We have this old tree on the edge of the apartment property - its very very tall, very stately and very hollow. It would appear that in a combined effort squirrels and possibly termites has been working their way through its core.  Though the City has assured us of its stability, I have a feeling that some day during one of those big wind storms Ottawa is known for, it will split in two and come crashing down - taking part of the building and a ton of electrical wires with it. In the mean time it's weathered, lichen encrusted bark and the hollow at the base give it a rather Black Forest look in the middle of downtown Ottawa.


Some else must have twigged to its Grimm Brothers lost-in-the-forest aura because early this past weekend a little creature set up house in the hollow. 


Yes a gnome with a rather happy disposition - in fact at first glance it almost looked like the Disney franchise had moved in on Mcleod St - appeared to have take residence in the hollow.  For several days his presence brought a smile to the faces of passersby; and I might add a bit of confusion to Nora who normally hunts down the scent of her arch-enemies to that hollow. 

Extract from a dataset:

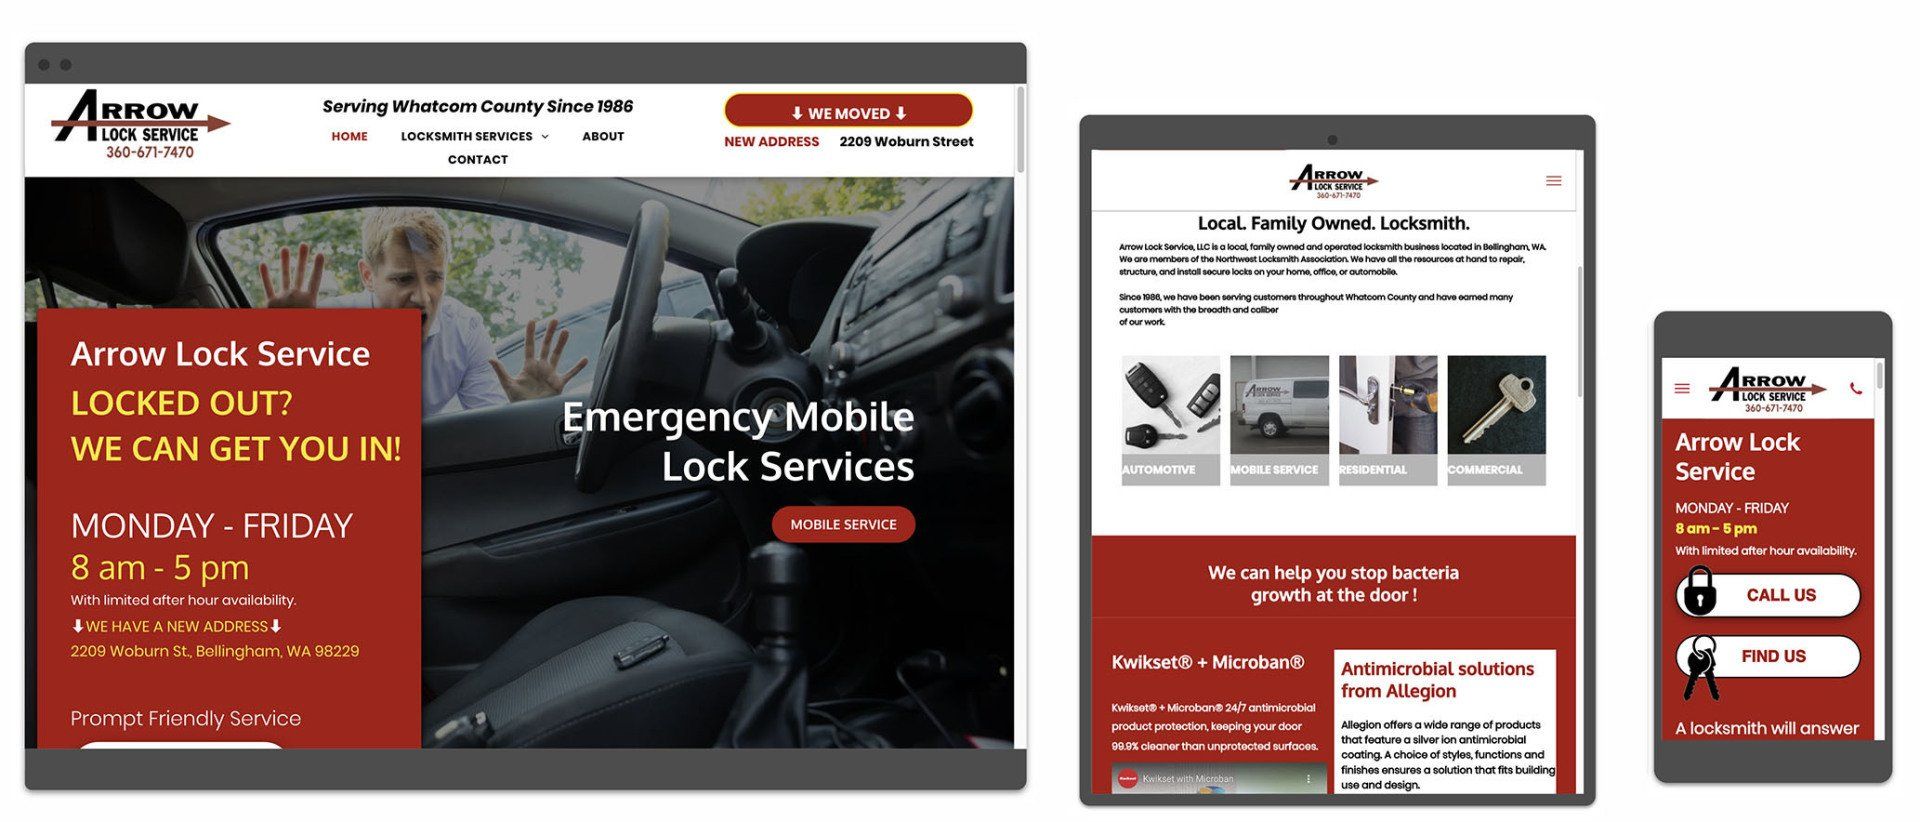 Arrow Lock Service  website image
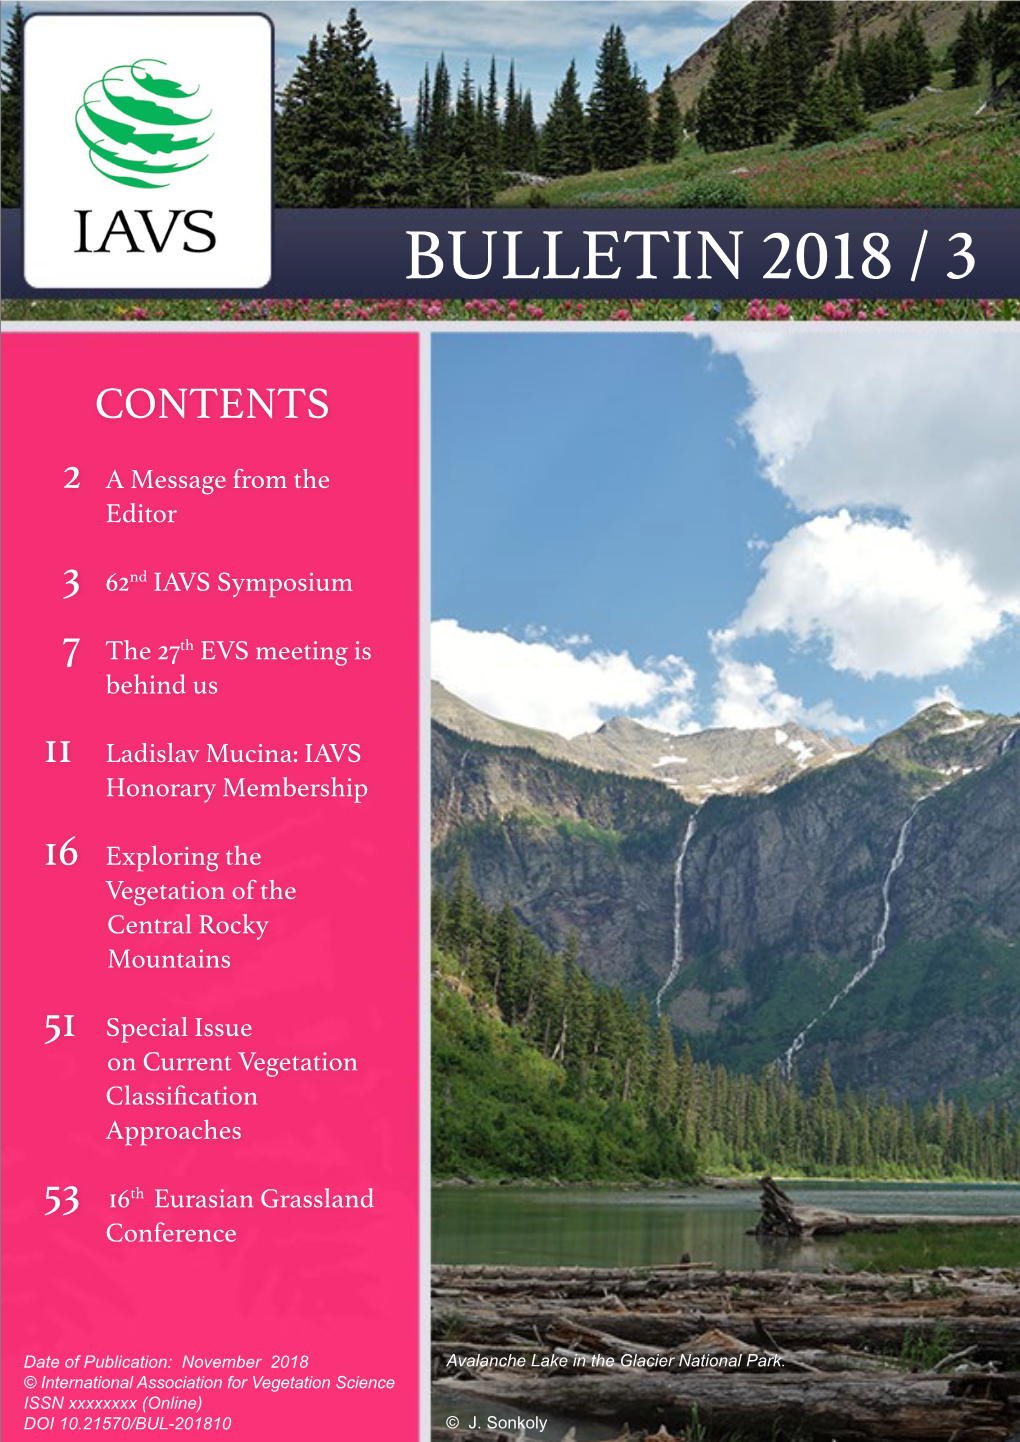 Bulletin 2018 / 3

Unfortunately by late Monday afternoon the cheerful little fellow had pulled up stakes and moved to another - unknown - location.  Let's hope one of those pesky rodents that Nora is on the hunt for hasn't decided to squirrel him away! And that he's spreading smiles in another fortunate neighbourhood in our area.

04 September - 1949: The Peekskill Riots erupt after a Paul Robeson concert in Peekskill, New York.


Monday, September 03, 2012

Lunedi Lunacy

Since I'm in that mood here's a little Italian humour.

You're bipolar!

03 September - 301: San Marino, one of the smallest nations in the world and the world's oldest republic still in existence, is founded by Saint Marinus.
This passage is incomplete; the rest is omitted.